Errors are generally:

nvidia-gridd... Acquiring license  (Quadro Virtual Data Center Workstation)
nvidia-gridd... Failed to acquire/renew license from license server... Requested feature was not found

Hypervisor: nvidia-smi shows no CUDA version, which seems odd:

+-----------------------------------------------------------------------------+

| NVIDIA-SMI 440.121      Driver Version: 440.121      CUDA Version: N/A      |

|-------------------------------+----------------------+----------------------+

| GPU  Name        Persistence-M| Bus-Id        Disp.A | Volatile Uncorr. ECC |

| Fan  Temp  Perf  Pwr:Usage/Cap|         Memory-Usage | GPU-Util  Compute M. |

|===============================+======================+======================|

|   0  Tesla V100-PCIE...  On   | 00000000:AF:00.0 Off |                    0 |

| N/A   35C    P0    26W / 250W |     39MiB / 16383MiB |      0%      Default |

+-------------------------------+----------------------+----------------------+

Host: RHEL nvidia-smi does report CUDA, and the expected vGPU 10.4 release’s host/guest mismatched driver version, and oddly, no temperature/wattage:

440.118.02 / 440.118.02 / 10.2
0 GRID V100-2Q

P0, 2GB partition w/ 160MB allocated, but missing temp/wattage we see in the hypervisor’s nvidia-smi

More nvidia-smi details:

display mode enabled
display active disabled
persistence mode enabled
accounting mode disabled
driver model: current/pending n/a n/a
vbios 00.00.00.00.00
multigpu board: no (single gpu test node)
gpu part: n/a
gpu virt mode: vgpu
host vgpu mode: n/a
product name: quadro virtual data center workstation
license status: unlicensed
pci bus 0x02
gpu link info n/a
ecc mode enabled

Docker tests: nvidia smi still works:

docker run --rm --runtime=nvidia --gpus all nvidia/cuda:10.2 nvidia-smi

CUDA tests: cuda samples (within nvidia docker)

./bandwidthTest
Starting…
Running on…
Device 0:…
Quick Mode

CUDA error at bandwidthTest.cu:686 code=46 (cudaErrorDevicesUnavailable) “cudaEventCreate(&start)”

./reduction
./reduction Starting…
GPU Device 0: “Volta” with compute capability 7.0
Using Device 0: GRID V100-2Q
Reducing array of type int
16777216 elements
256 threads (max)
64 blocks

CUDA error at reduction.cpp:492 code=46 ) cudaErrorDevicesUnavailable) “cudaMallo((void**)&d_idata, bytes)”

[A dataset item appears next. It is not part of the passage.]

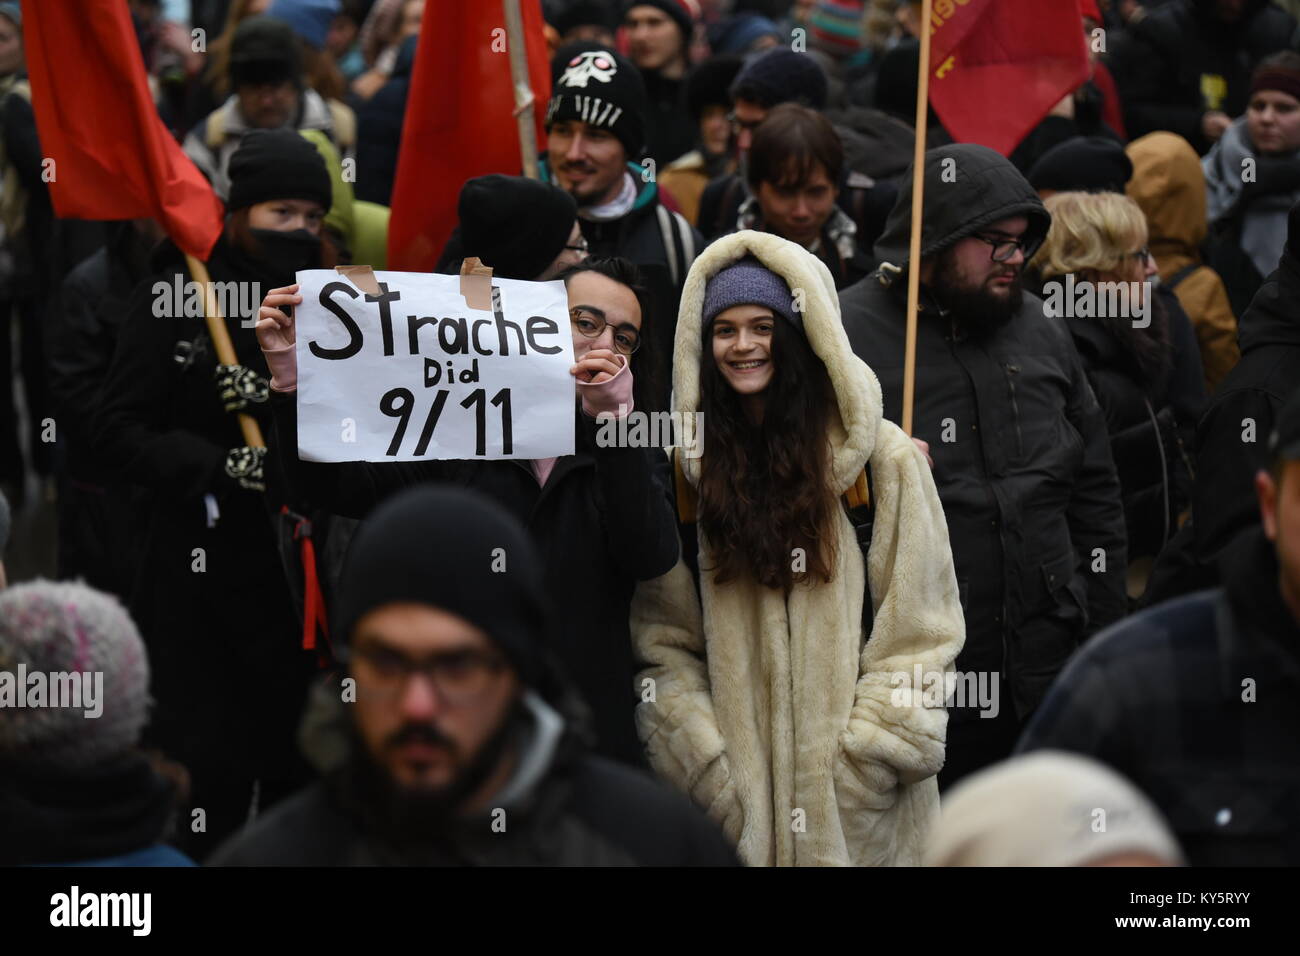 Vienna, Austria. 13th Jan, 2018. protester holding a sign critical of Austria's vice-chancellor Heinz-Christian Strache. Credit: Vincent Sufiyan/Alamy Live News Stock Photo

b) numba/cupy/cudf/etc fail on context / memory creation:

from numba import cuda
cuda.current_context() #fails

MrGRID · December 29, 2020, 10:40am

Hi

The “Q” Profiles (QvDWS (Quadro Virtual Datacenter Workstation)) are the highest license tier and give the maximum functionality available. However you may also want to use the “C” Profiles (vCS (Virtual Compute Server)) as these are specifically for Compute focused workloads. They’re considerably cheaper and they’re licensed per GPU, not Per User like all other licenses. You can run up to 8x VMs on the same GPU with a single vCS license and they may be more appropriate for your workloads. However for the time being “Q” will be fine.

I’m not sure why you’re running vGPU 10.4? The 10.x branch is only supported until December 2020, meaning you have 3 days (at time of writing) of potential support remaining. If you use the current branch of 11.x (11.2 is most recent), this is an LTSB that runs to 2023 (not that you’d want to stay on the same driver for that long mind). 11.x also supports CUDA 11.0.

What you’re experiencing is correct, the CUDA version is not listed in the Hypervisor as CUDA workloads aren’t run from there. You’re installing a GPU manager in the Hypervisor, not an actual driver (of sorts), which is why you can see the CUDA version within the VM, as the VM driver contains CUDA.

The 2Q (2GB) Profile … You can of course use a 2GB Profile (if 2GB framebuffer is sufficient for your workload), however, depending on how many VMs you plan to run, you may benefit from changing the Scheduler mode to one that allows more consistent resource scheduling. Compute workloads are typically quite intensive, the Default Scheduler (Best Effort) will try and service all processing requests as they come in and for 3D / Graphical workloads it does a pretty good job, however it can easily become overloaded with multiple consistently high processing requests which will lead to inconsistent processing times, so perhaps switch to “Fixed” or “Equal” share mode to give more predicable performance. If you were running an A100, then this would be a different conversation due to MIG and SR-IOV.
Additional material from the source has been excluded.